In my previous blog post, I discussed at length the formation of the Bride of Christ-the church- and the role it plays in the eternal purpose of God. With that I laid the foundation to discuss a huge issue that has fully crept into the Body of Christ. I also discussed the concept of community and solidarity, particularly as it relates to race and racial idolatry. First, let me say that after publishing that, it led to an opportunity to engage in some great conversations with some of you. I already had plans to write this sequel to that post, and some of the conversations further solidified the necessity of further discussing certain aspects of that post. It goes without mention that you certainly would benefit from reading that post first before reading this one. In today’s post, I want to discuss community and solidarity in general (this time not in the context of race) in more detail.

I don’t know what it is, but once again here I find myself writing a blogpost about social media and approaching online relations from a biblical perspective. These are interesting times, to say the least, for the church in general, but especially with regards to this digital and virtual world we live in. There’s never been a time where the virtual world and the real world has been so intertwined as now. Thus the church finds herself facing challenges that though at the root level is nothing new, in its nuances and manifestation it’s certainly novel. Discernment has never been more valuable than now. I truly do believe that there is plenty to be said on this topic as we tread unchartered territories.

A NEW ERA

I was in high school when the era of social media dawned upon mankind in the forms of platforms such as myspace and hi5 et cetera. Prior to this, there was of course other ways of socializing via technology such as AIM, Yahoo Messenger and chat rooms of all sorts. But platforms such as myspace were revolutionary in that it offered users prime real estate on the worldwide web. You could have your very own online property in the form of a webpage where you could post everything and anything you desired to be known about you, plus an audience of your own choosing! What a time it was to be alive! In the summer after high school graduation, I found out about the newest social media platform at the time- FACEBOOK! At the time it was literally like myspace on steroids, but that’s not what made it most attractive; at least not to me. At the time, it was attractive because it was exclusive- it was open to college students- and it felt almost like a kind of weird rite of passage. At the time, it was introduced as a way to connect with people that you knew in real life, especially those that distance of any sort had separated you from. Moreover, it was publicized as a network to connect with other people from your college (and later from other colleges.)
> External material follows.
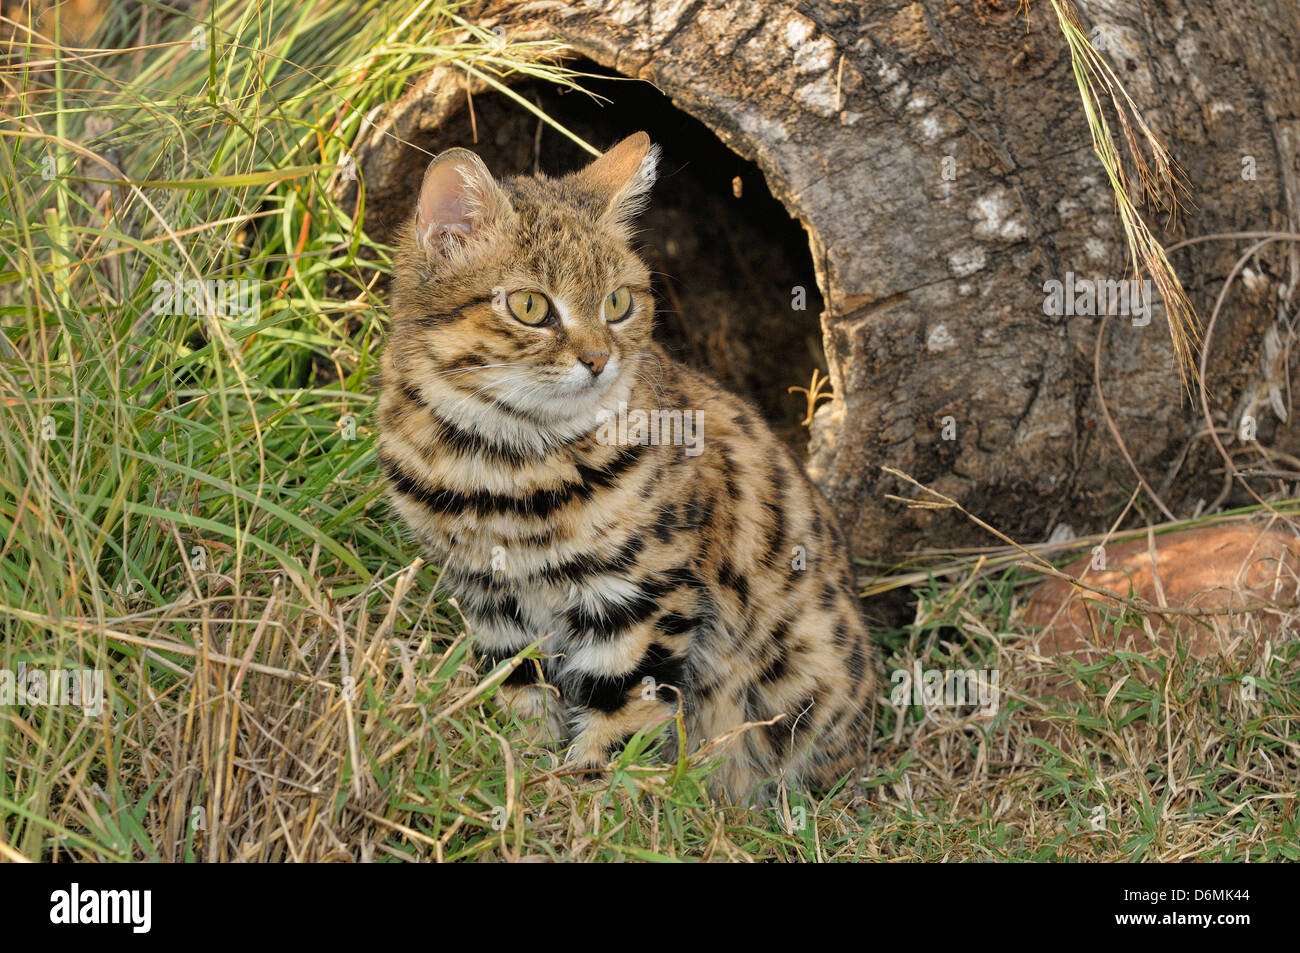 Patas negras Felis nigripes gato fotografiado en cautividad de especies en peligro de extinción en Sudáfrica Foto de stock

Well, if you’re much younger than I am, some of this is perhaps news to you but I’m sure you don’t need me to tell you how much things have changed and evolved since. Today, social media has gone from an online platform to connect with those we already know in real life, to an online platform to form relationships with people we don’t know in real life, all the while ignoring those that we actually know. Again, what a time to be alive! As the times have changed, and technology continually improves, so have these social media rapidly evolved; and their very purpose though outwardly similar, have drastically changed from what they started as. But here’s the catch- it is not the social media in and of itself that changed. It is how it is used that changed and as those changes take place, the creators of these media keep modifying the platforms to meet the perceived desires of consumers. I think this point is important to emphasize because we tend to have a victim mentality of social media. In recent times, there’s been increasingly this attitude of social media responsible for causing us detriment, as though the social media platform on its own was a living being, rather than a utility. Coupled with that attitude, is the complete cede of any responsibility the user has in being discerning about WHAT they choose to be exposed to, as well as HOW to process what they see. So that in recent years, it is not uncommon to hear complaints about how people who only post highlights of their lives online are disingenuous and thus responsible for the despair of social media consumers who deem their lives lacking in any ways.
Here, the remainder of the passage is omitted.